Discovering the Largest Supported MTU

RCL_SPD

4.00/5 (1 vote)

Jan 28, 2014

CPOL

4 min read

7316

Discovering the largest supported MTU

1. Weird 'connection reset' Problems with Google Sites

I recently bought a new Windows laptop for my Mum, and she immediately complained about not being able to reach either Google or GMail with any browser. Interestingly, all other sites (including competing search engines) were working fine and I could ping both google.com and gmail.com. However, trying to open them or any other Google-related site in either FF, Opera, Chrome or Internet Explorer resulted in 'connection reset' errors - and deleting cookies did not help.

After having 'binged' for a while, I found out that we were not the first people to experience this problem. Those findings misled me into thinking that the problem was specific to Mum's laptop and possibly caused by malware redirecting browsers to some weird address or such. This misguided conjecture was reinforced by the fact that other computers on our home LAN (particularly Mum's Linux desktop) were not affected.

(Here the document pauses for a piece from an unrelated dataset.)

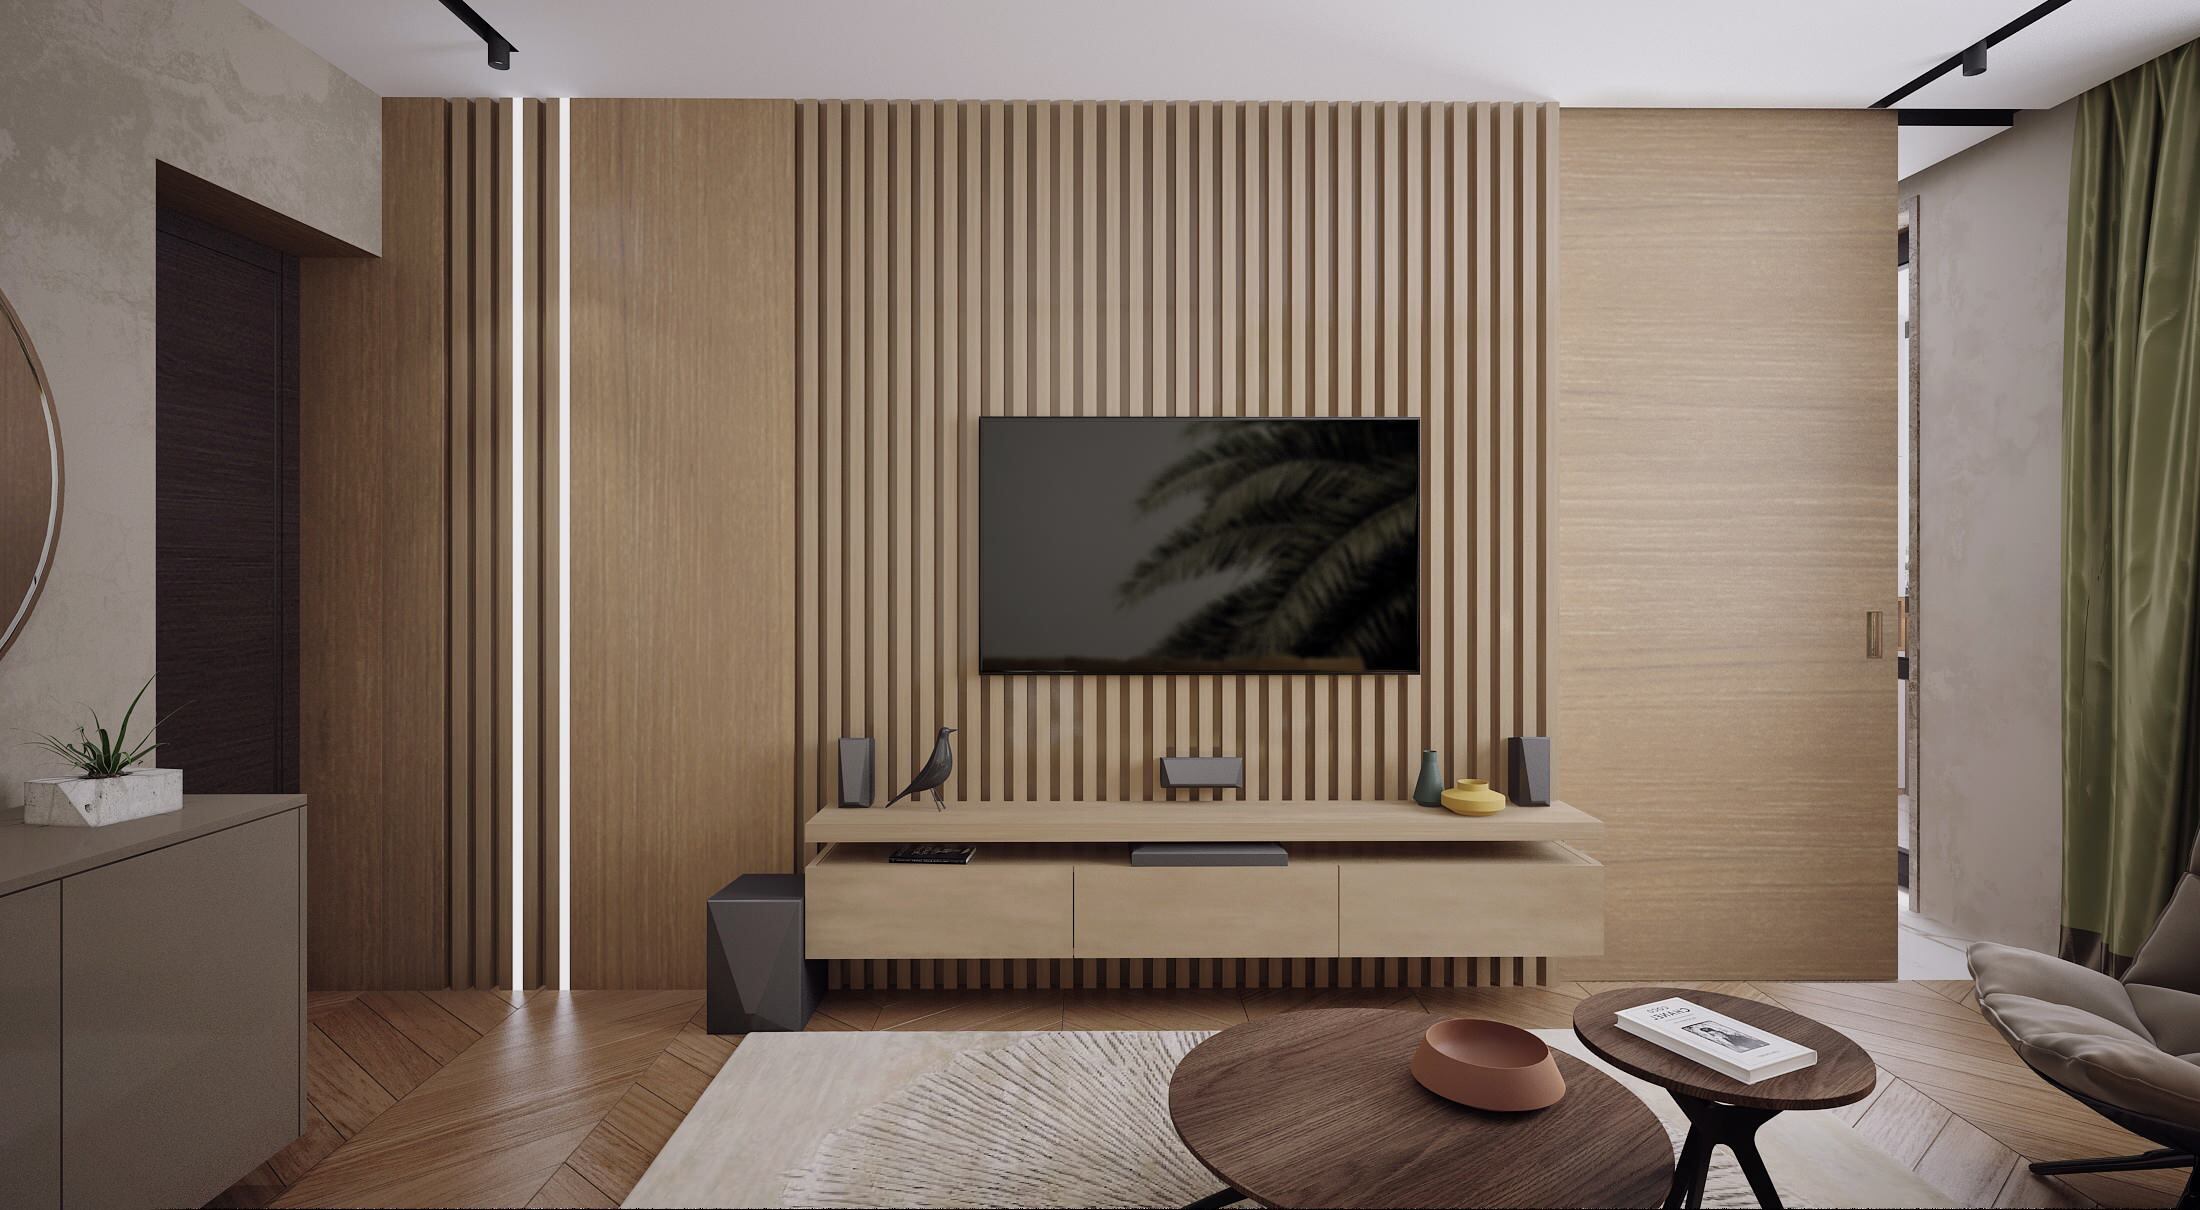 Интерьер гостиной cтеной с телевизором, телевизором на рейках и вертикальными жалюзи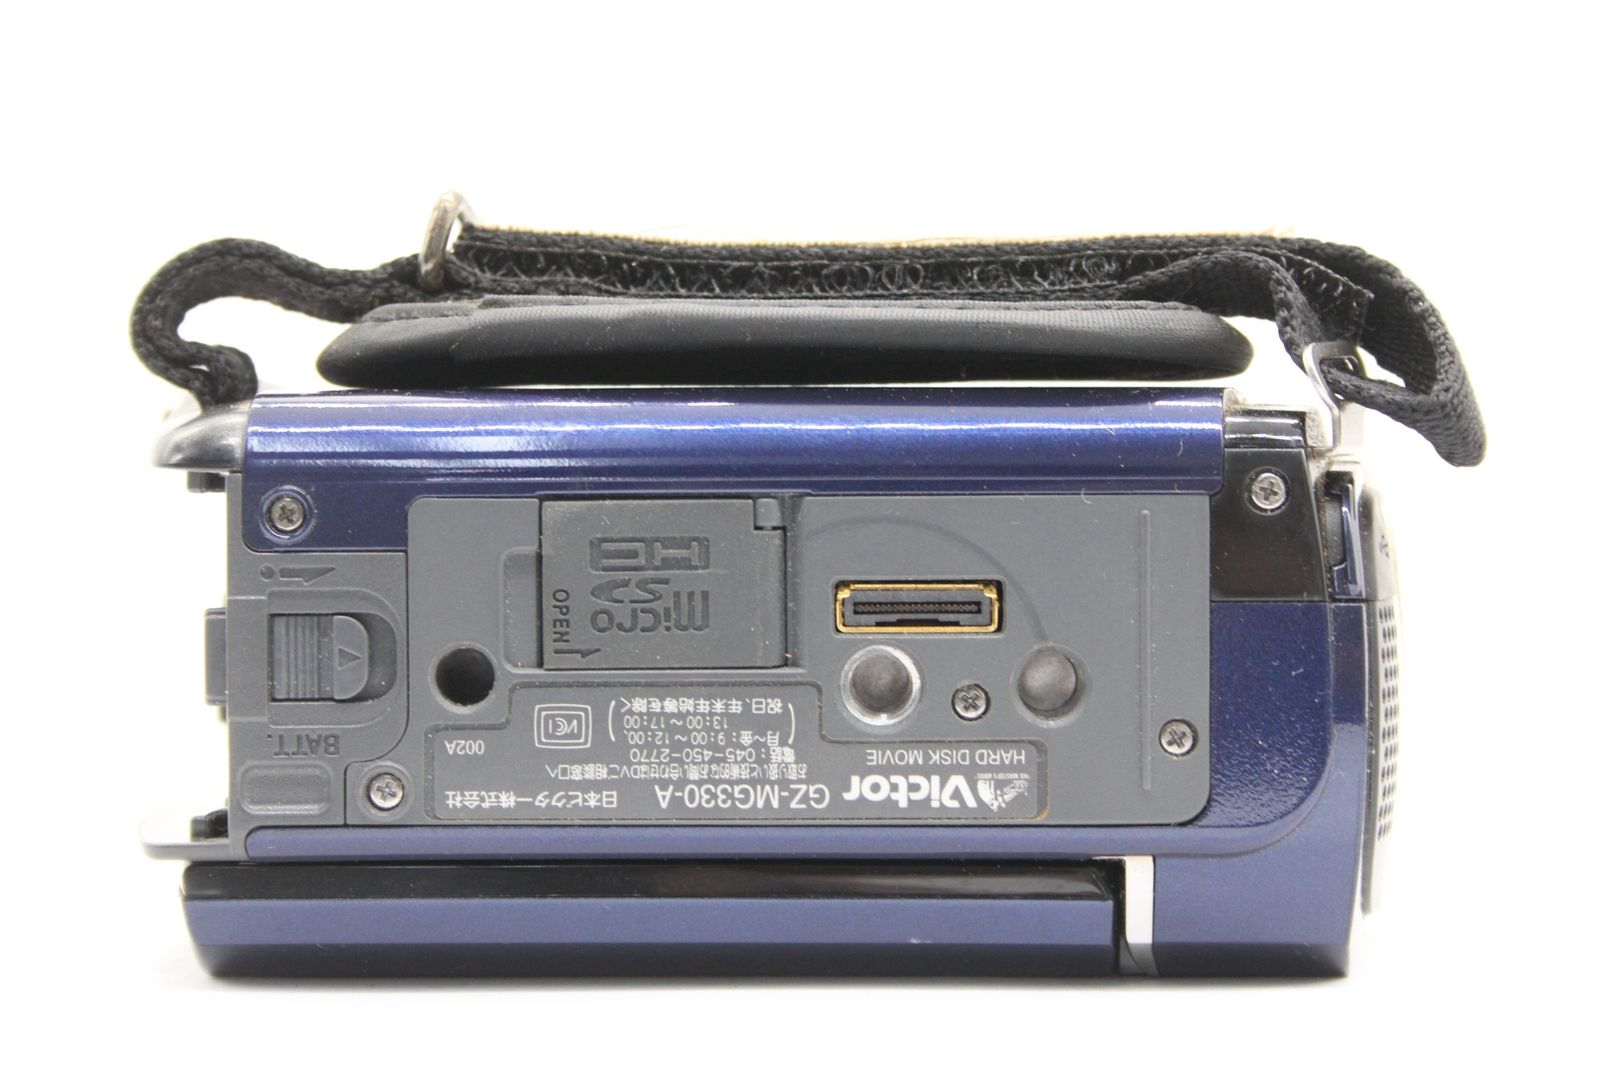 【返品保証】 【録画再生確認済み】ビクター Victor Everio GZ-MG330-A ブルー 32x バッテリー 元箱付き ビデオカメラ  v1234

I tested her laptop for malware and reset Windows sockets and IP registry settings (

netsh winsock reset
netsh int ip reset

), but this didn't help. Puzzled, I decided to dive deeper into this.

2. The Cause

While tweaking wi-fi router settings, I noticed that its MTU was set to default value (1500, the Ethernet MTU). MTU, short for Maximum Transmission Unit, determines the maximum size of a single IP datagram that can be transmitted over a certain link, but this normally does not affect TCP traffic - segments of size larger than MTU will be fragmented (split into parts).

However, this is not the case when Path MTU Discovery is used. With PMTUD, all fragments have Don't Fragment flag set and any router, if it cannot forward such a large datagram further and has to fragment it, will instead drop the datagram and send back appropriate notification with its own (smaller) MTU, in accordance to which packets should be split when resending.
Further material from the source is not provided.